» **Given information**:
* * * * *

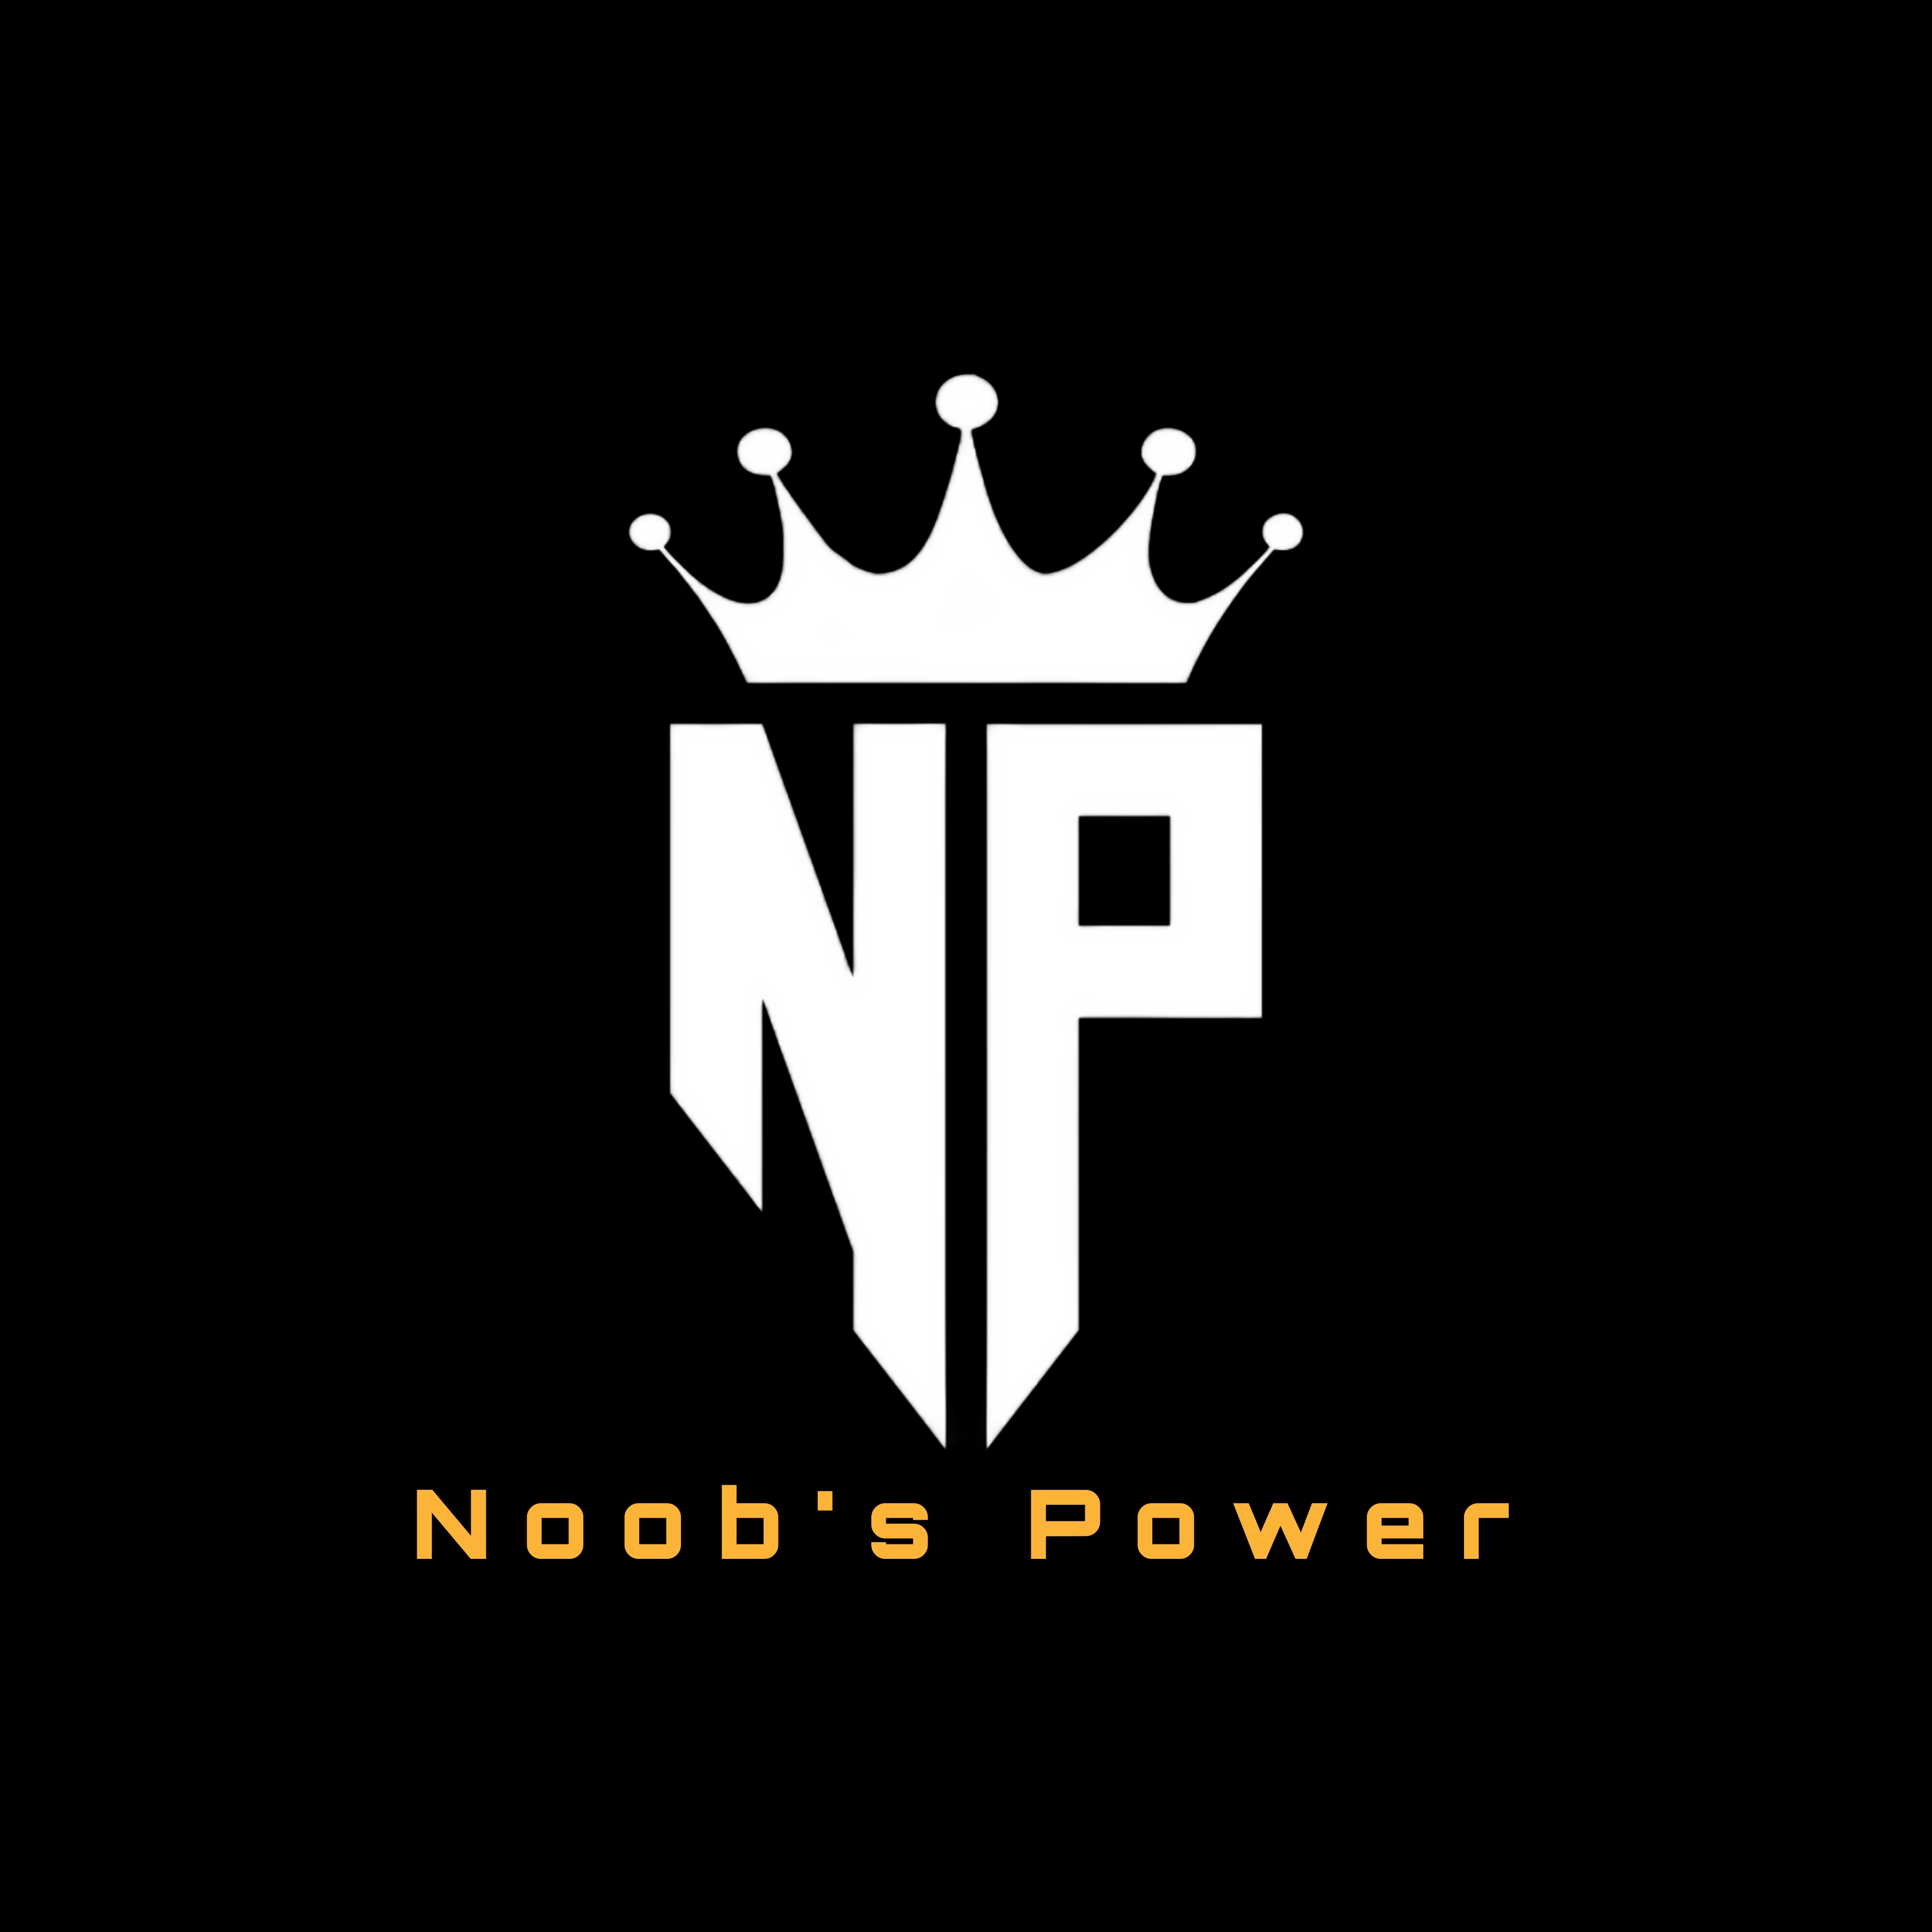 Noob's power e-sport
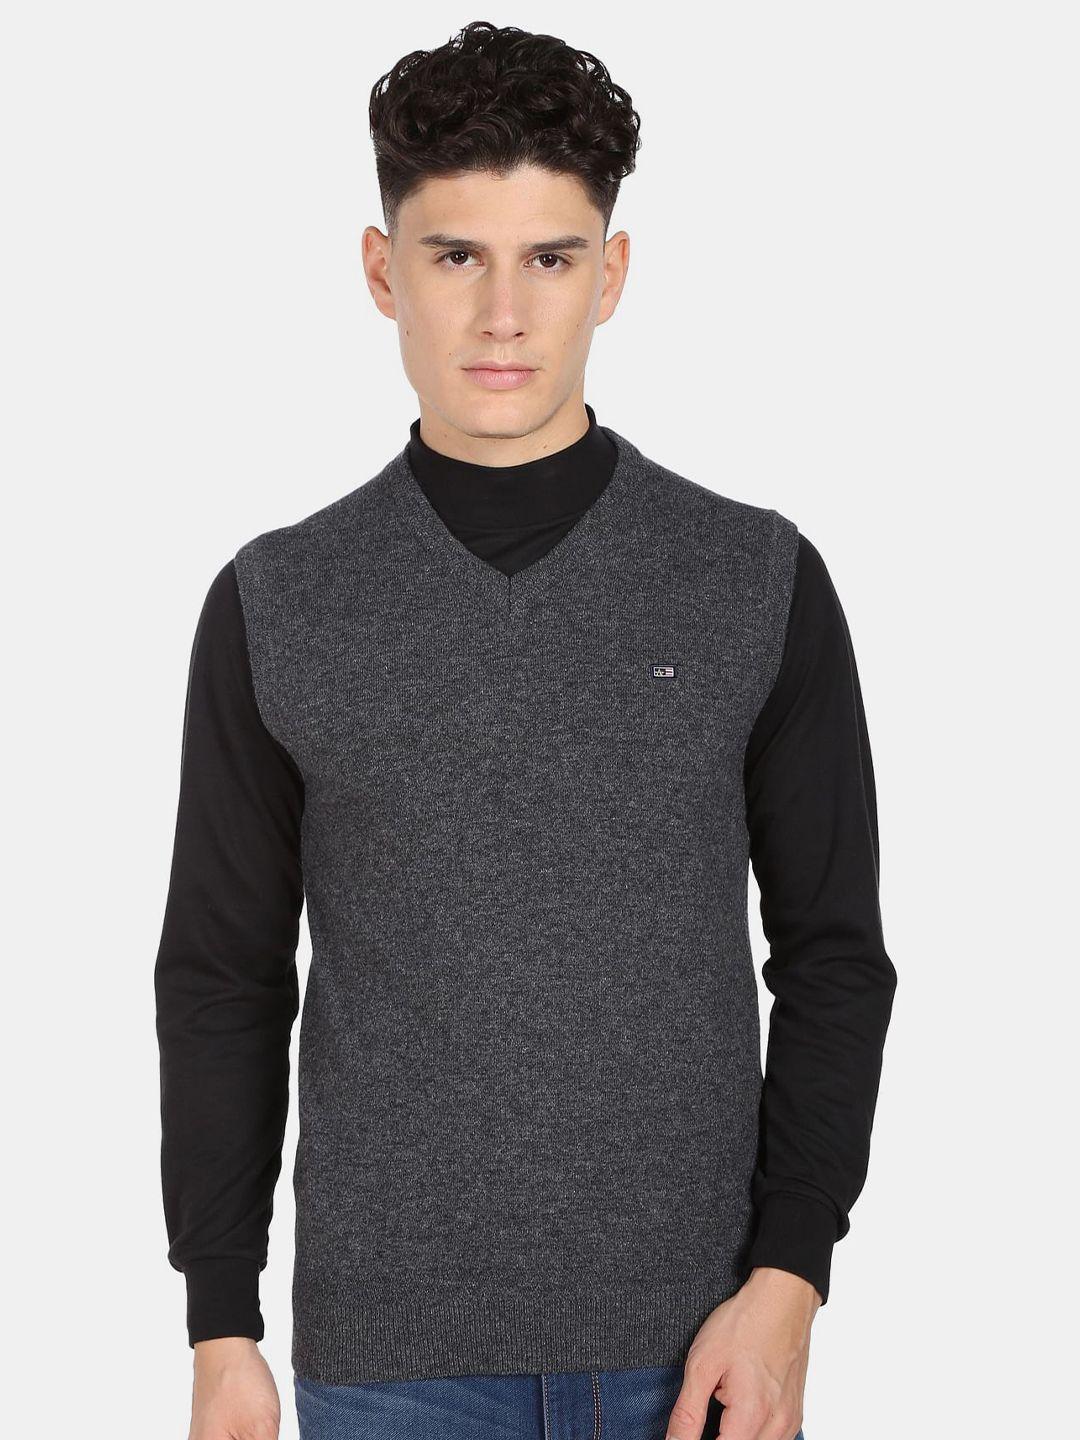 arrow sport men v-neck sleeveless sweater vest
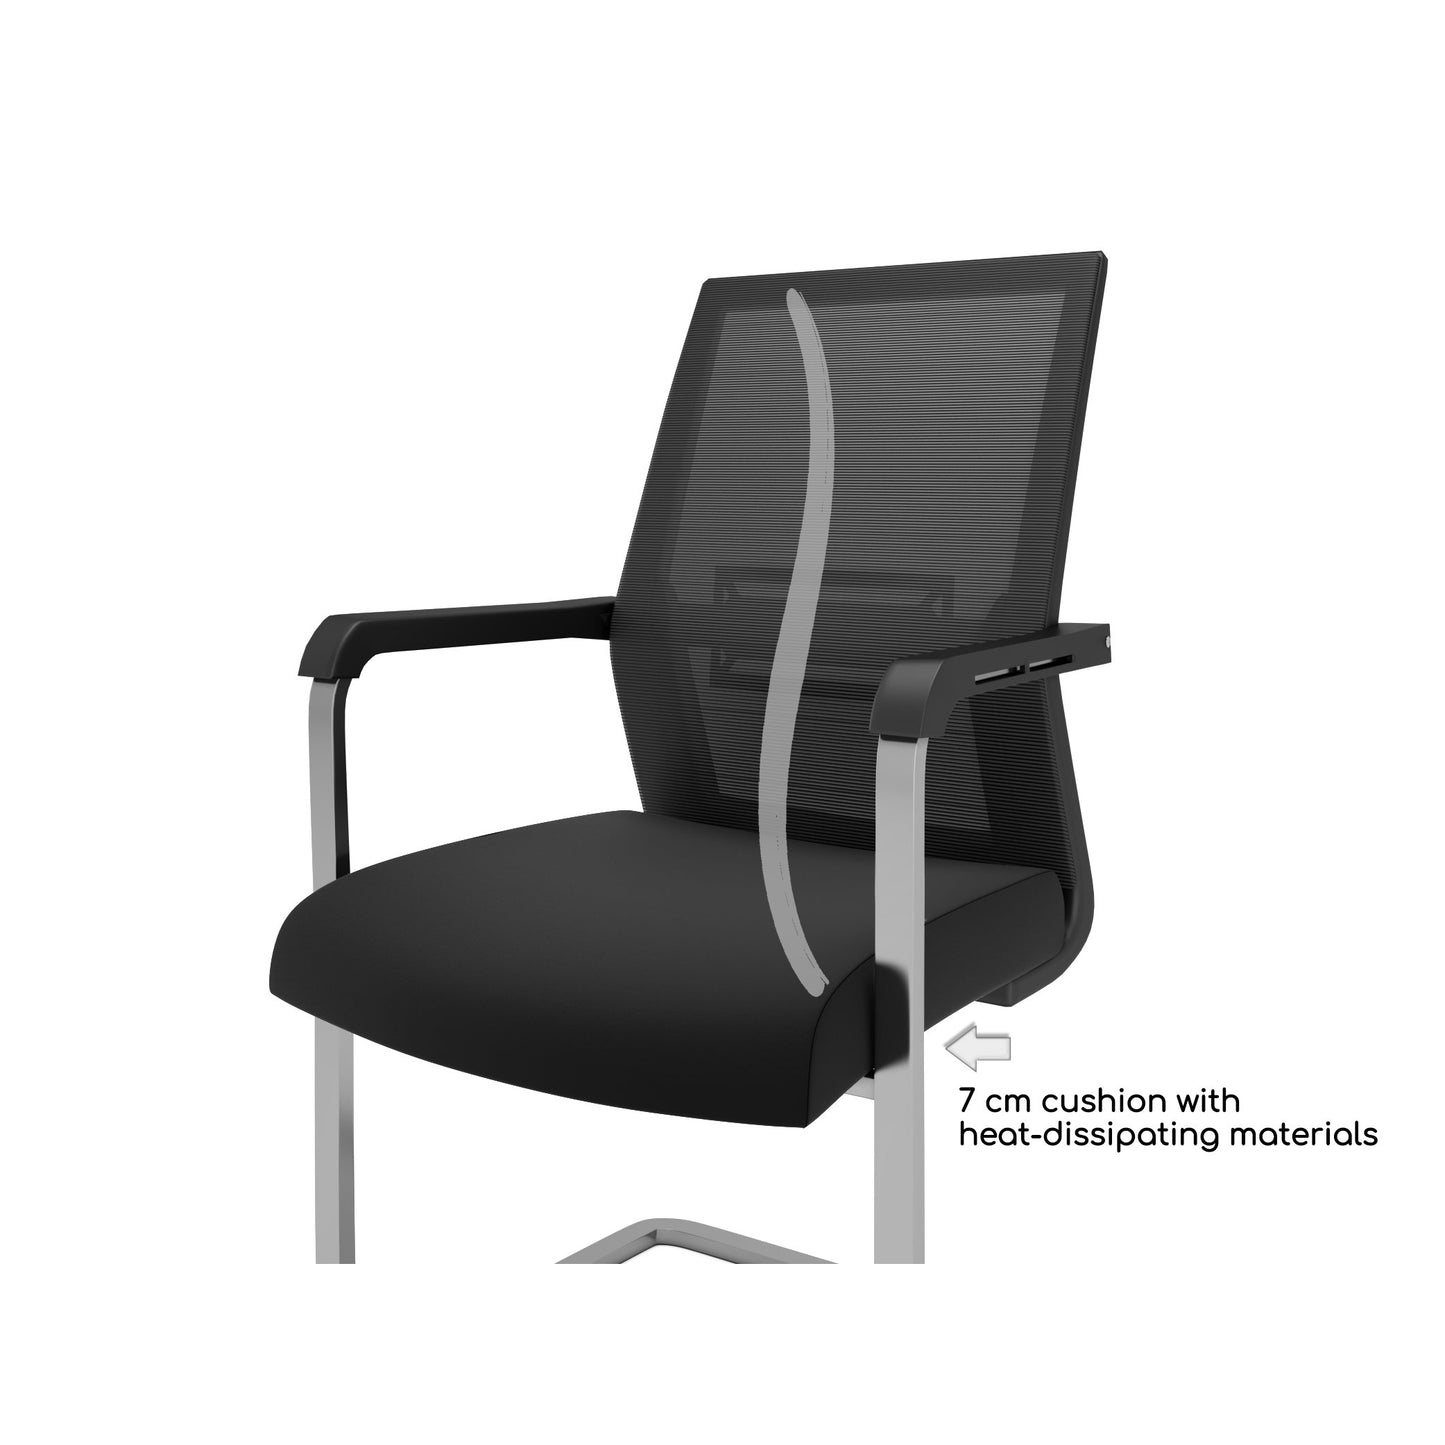 Nancy's Orlando Office Chair - Cantilever Chair - Tiltable Backrest - Mesh - Ergonomic - Black - Aluminum - Plastic - 55 x 56 x 97 cm

* * * * *

» **What you should do**:
Print every line of the data exactly. Pictures do not belong in the copy.

» **Problem solution**:
 Noob's power e-sport
 arrow sport men v-neck sleeveless sweater vest
 Nancy's Orlando Office Chair - Cantilever Chair - Tiltable Backrest - Mesh - Ergonomic - Black - Aluminum - Plastic - 55 x 56 x 97 cm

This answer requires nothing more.